Disassembling the call_func_ptr interwork code (BXPC, plus padding NOP) as ARM
$ ./capdis.exe -nofwdata ../platform/g7x/sub/100d/main.bin 0x36a354 -s=0x3734c0 -c=10
WARNING gaonisoy string not found, assuming code start offset 0
andeq r4, r0, r8, ror r7
push {r4, r5, lr}
mov ip, r0
mov r4, sp
add r5, r1, r2, lsl #2
In the register dump, r7 is 0 (so the ROR is NOP, and R8 has the same value as R0). I'm not totally sure what the state of the condition code will be, but eq seems likely.
To test, I rebuilt with the .code16, bx pc commented out.
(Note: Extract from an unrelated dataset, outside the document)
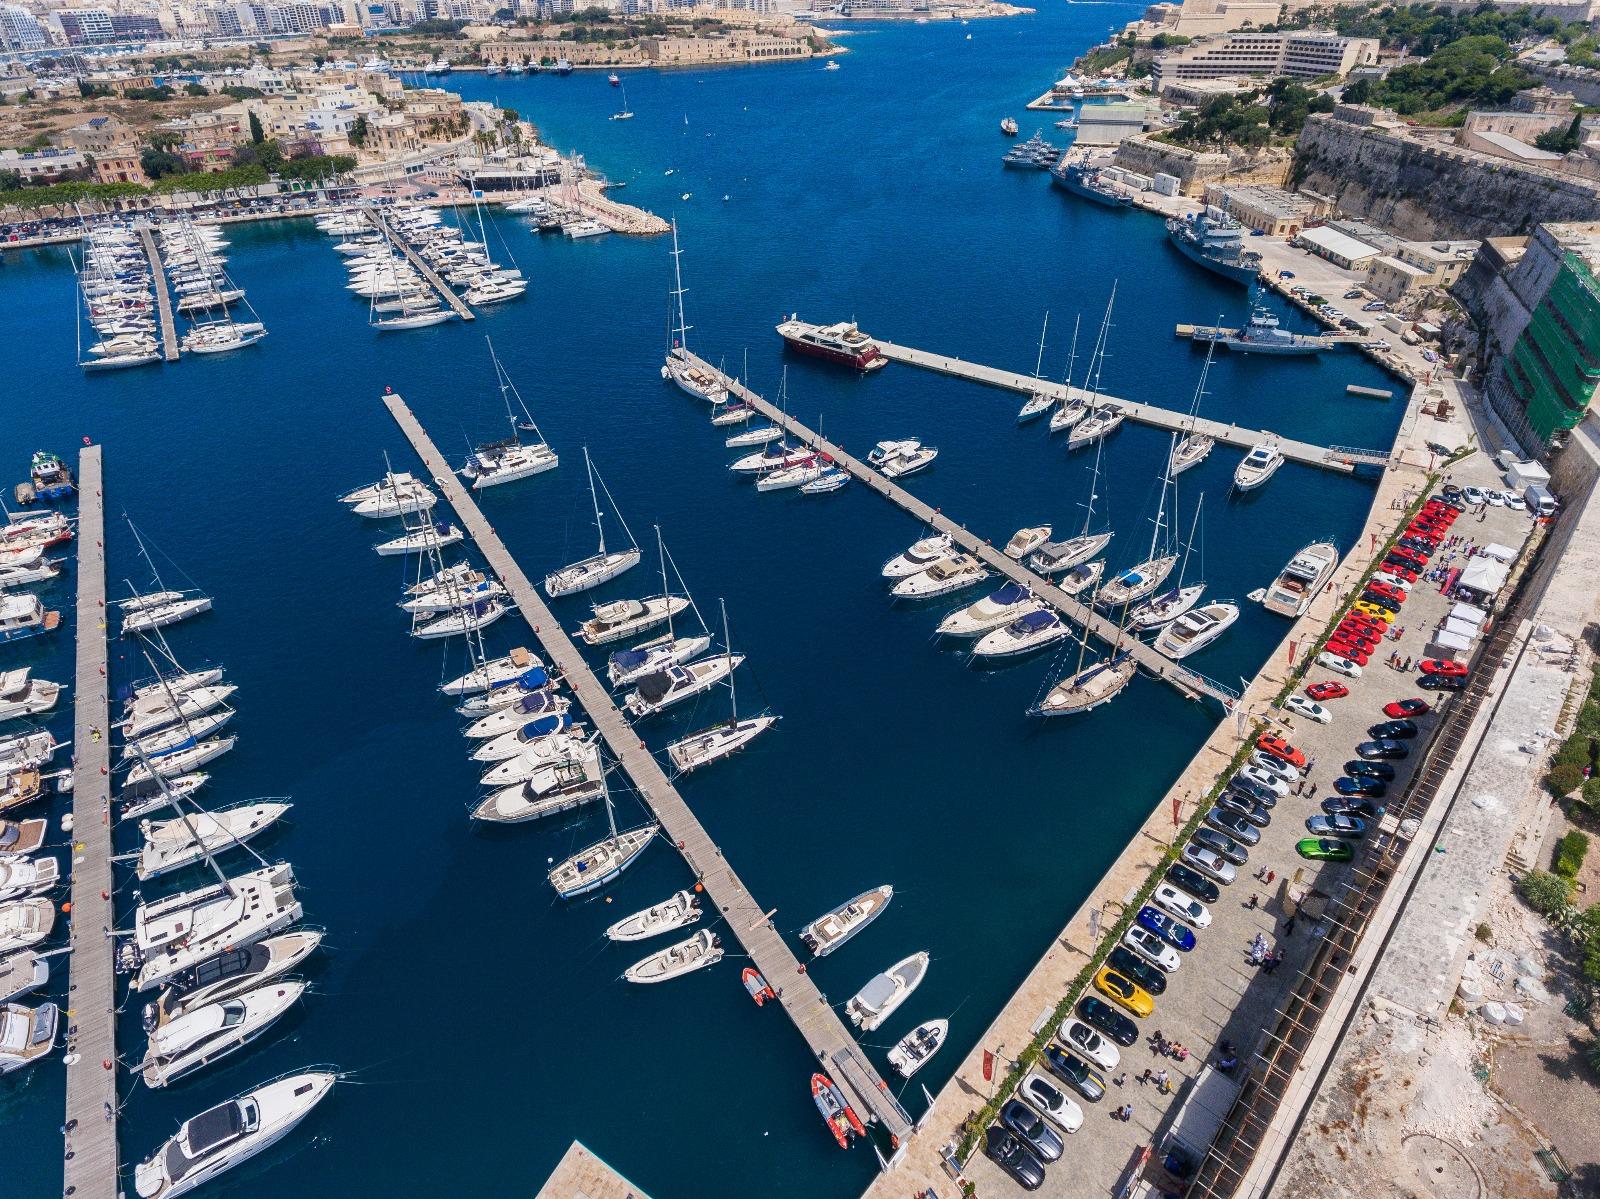 Cars Unlimited & Coffee at the Marina di Valletta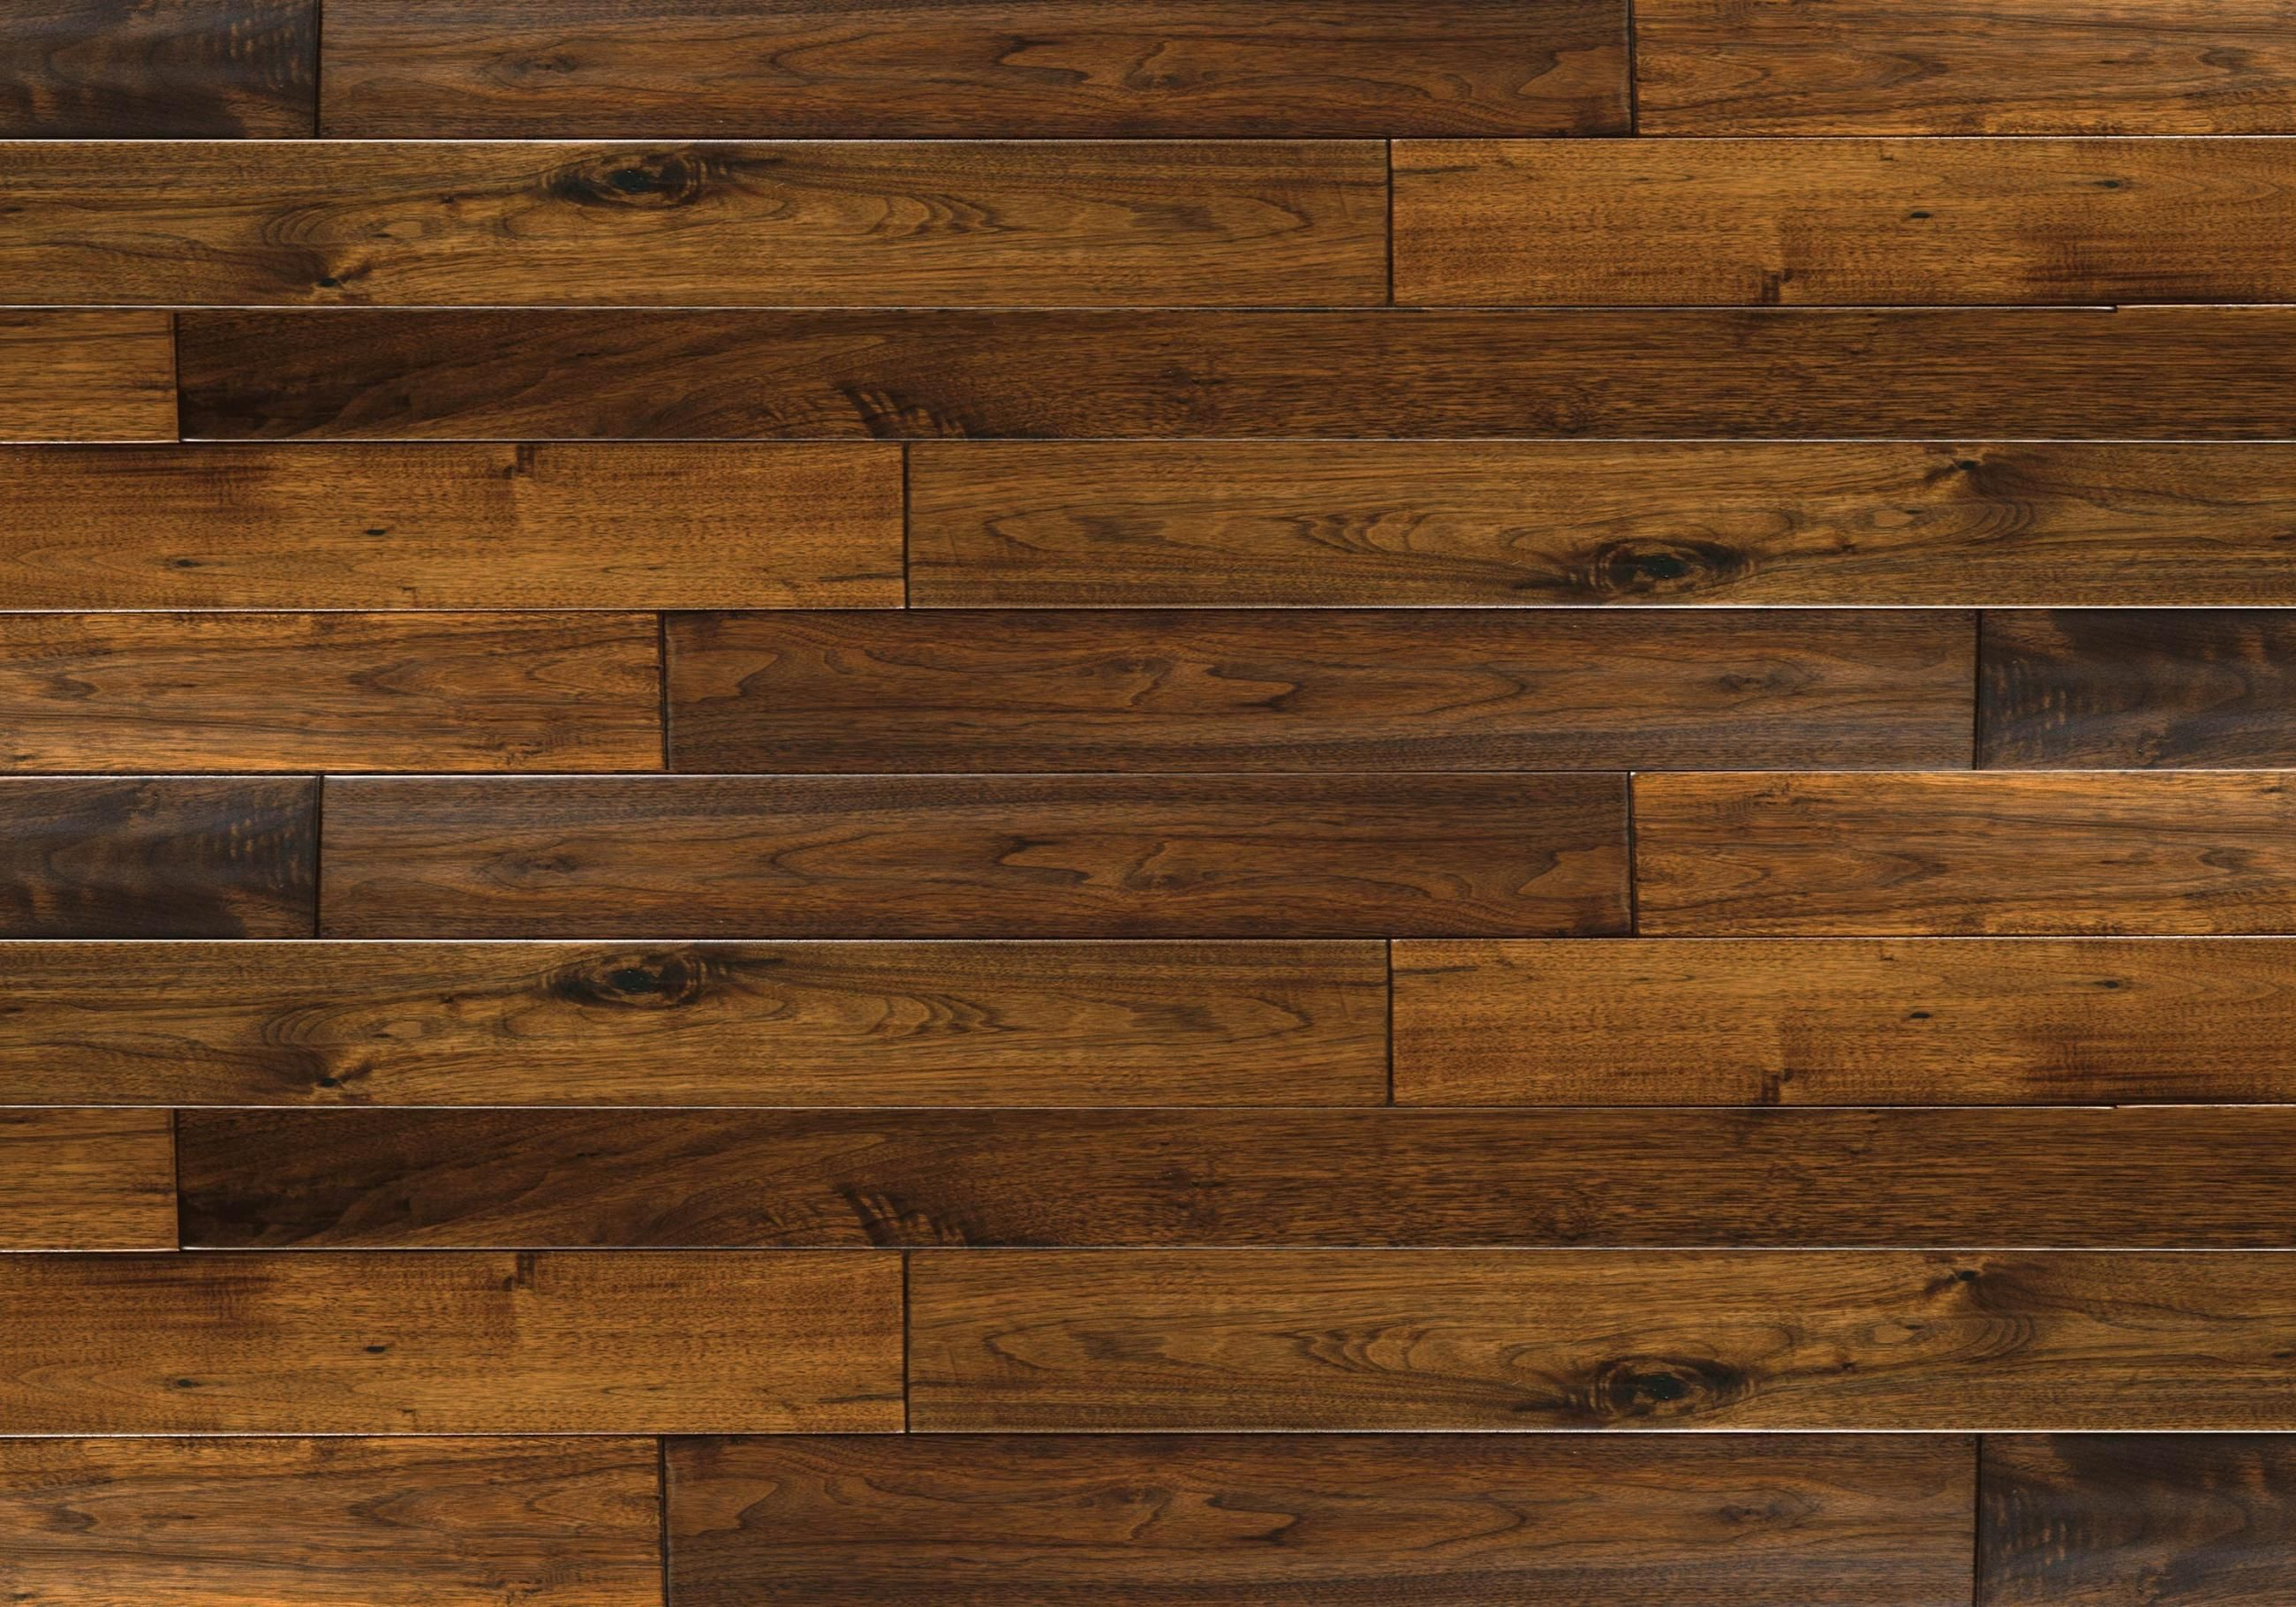 Walnut HFCentre Walnut wood texture, Rustic hardwood

It appears to work, which means that with the toolchain I am using at least (arm-none-eabi-gcc.exe (GNU Tools for ARM Embedded Processors) 4.9.3 20141119 (release) [ARM/embedded-4_9-branch revision 218278]), the bx pc is not needed. Attempting to run call_func_ptr as thumb would definitely crash, so it's doing the right thing by itself.
If this is toolchain dependent, we should probably make a separate wrapper for call_func_ptr.